Die merebahkan tubuh kurusnya. Pikirannya tak berfokus. Sebelum jatuh tertidur, otaknya dipenuhi berbagai kejadian dari masa lalunya hingga perasaan aneh yang kini ia rasakan.


Tepat sebelum Die terlelap, beberapa ratus meter dari tempat Die berbaring, di sebuah gudang besar di dekat pintu masuk taman hiburan terbengkalai, terdengar suara dering telepon. Seorang pria dengan lengan yang dipenuhi tato mengangkat telepon itu.
“Ya? Benar, ini Niihara Kaoru. Baik, dimana? Jam 9? Oke.” Lelaki yang dipanggil Kaoru itu lalu memutuskan percakapan. Percakapan itu begitu singkat. Setelah meletakkan telepon genggamnya di meja kecil, Kaoru berpaling pada deretan 4 bilah pisau dengan mata pisau berbeda dan 3 pucuk pistol koleksinya yang terhampar di meja. Tidak terlalu banyak, namun dengan pemakaian yang tepat, dapat mematikan.
Kaoru mengambil saputangan yang berada di samping sebuah pisau dengan mata pisau bergerigi. Sambil bersiul, ia membersihkan pisau itu agar semakin berkilau.
“Sepertinya hari ini akan mendapat pekerjaan lagi.

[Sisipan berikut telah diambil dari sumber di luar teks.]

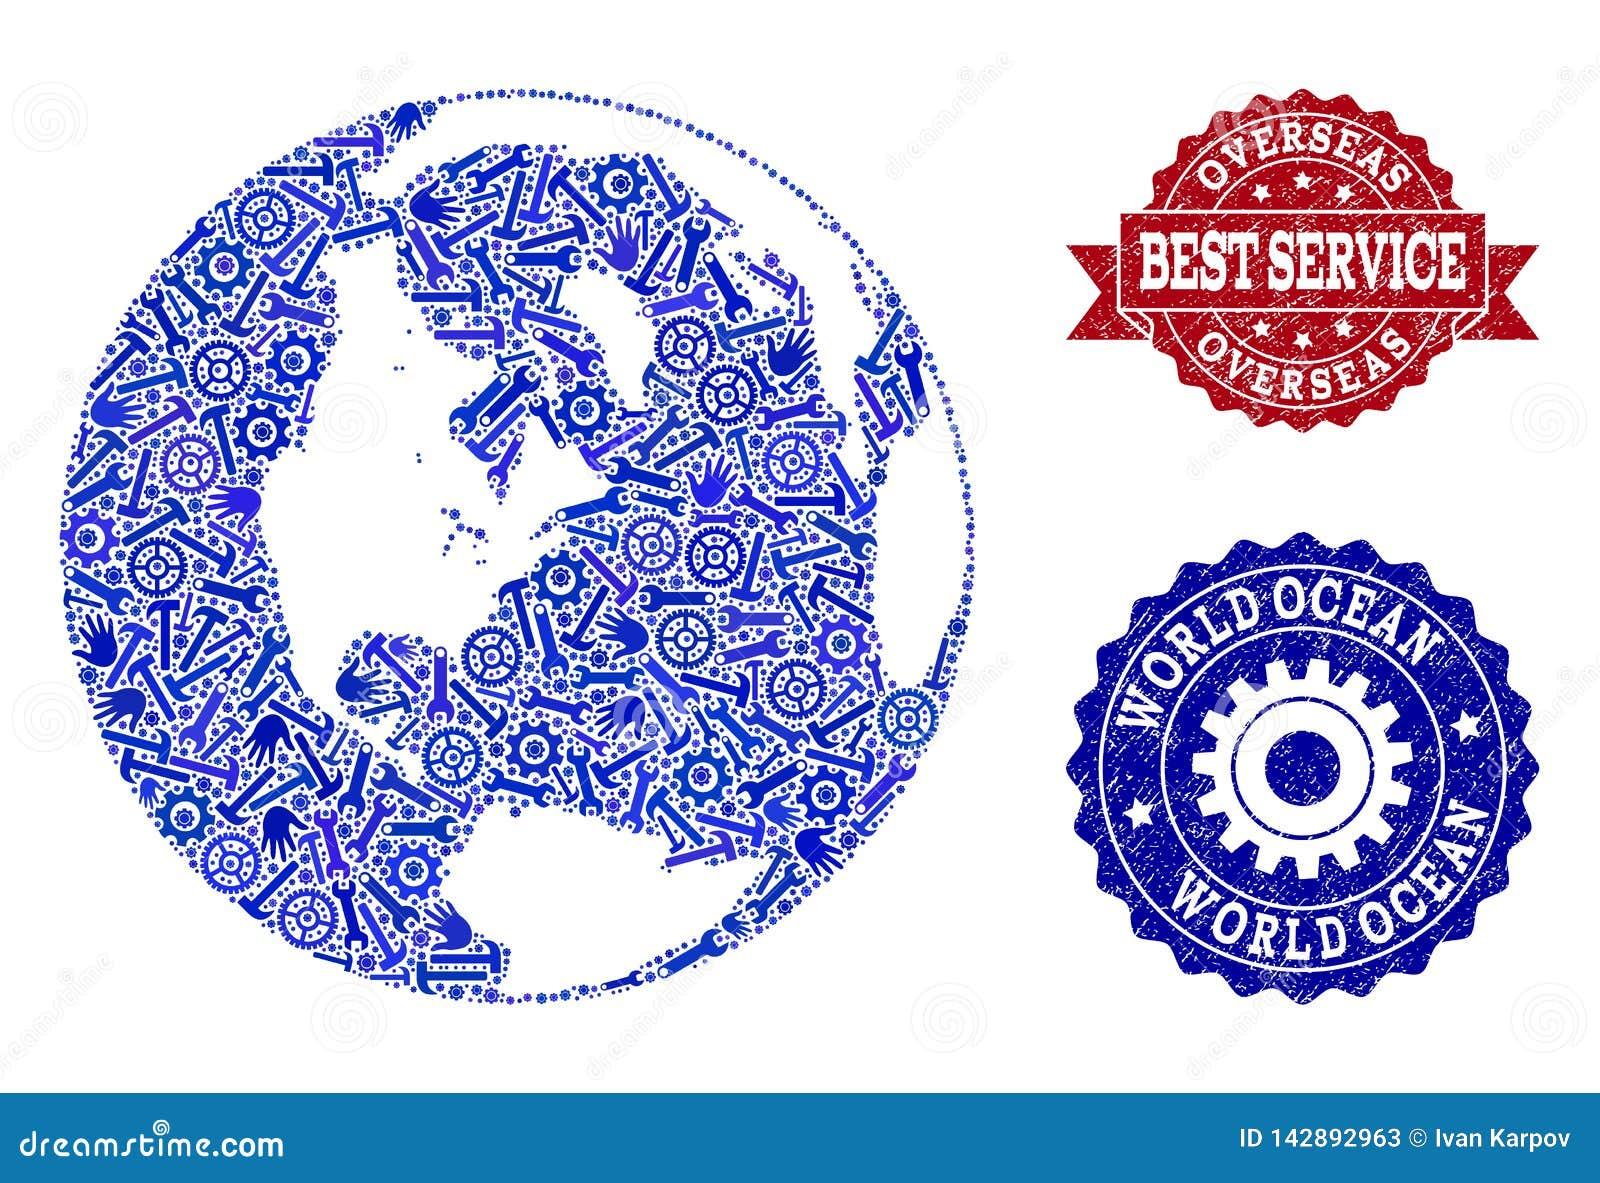 La mejor composición del servicio del mapa del océano global y de sellos rasguñados

Bersiaplah...” bisiknya sambil terus membersihkan pisau-pisau itu.  
“Pakai cara seperti apa? Hmm.. aku harus melihat dulu seperti apa rupanya agar aku tahu cara menghabisinya. Aku sudah tidak sabar...” Kaoru menyeringai. Ia dapat melihat pantulan wajahnya pada mata pisaunya.


Malam semakin larut. Gerimis tipis menemani malam bersama kabut yang menyelimuti sekeliling pabrik dan taman hiburan terbengkalai itu. Membuat suasana menjadi lebih mencekam. Seorang gelandangan berjalan sempoyongan di dalam taman hiburan. Samar-samar dapat terdengar suara percakapan atau suara dari radio. Beberapa titik lampu menyala. Si gelandangan mencari tempat yang gelap, paling tidak cukup hangat untuk mengistirahatkan dirinya malam itu.
Seorang pemuda memperhatikan gelandangan itu dari jendela. Pemuda kecil itu mematikan lampu tempel tempat ia tinggal, di sebuah ruangan yang dulunya merupakan kantin taman hiburan itu. Dengan sedikit kerja keras, ia menyulap bekas kantin itu menjadi sebuah tempat tinggal yang cukup untuk dirinya.
Si gelandangan tidak cukup sadar bahwa ia tengah di perhatikan. Kepalanya menoleh ke kiri dan kanan, mencari tempat bernaung yang pas. Pemuda di balik jendela menjilat bibirnya yang merah.
“Hati... limpa... otak... makan besar....”


Hujan telah berhenti. Meninggalkan genangan-genangan yang melebar di beberapa sisi jalan. Dingin terasa menusuk, bahkan burung hantu sekalipun enggan berdekut. Seekor anjing kurus mendengking pelan ditempatnya bergelung mencari hangat karena melihat sepasang mata yang berkilauan dari jendela. Mata itu menyipit seolah tersenyum. Si anjing menutupi matanya dengan telinganya yang menjuntai.
24 Cylinders malam itu begitu sunyi meskipun setan-setan tengah berpesta pora di sana.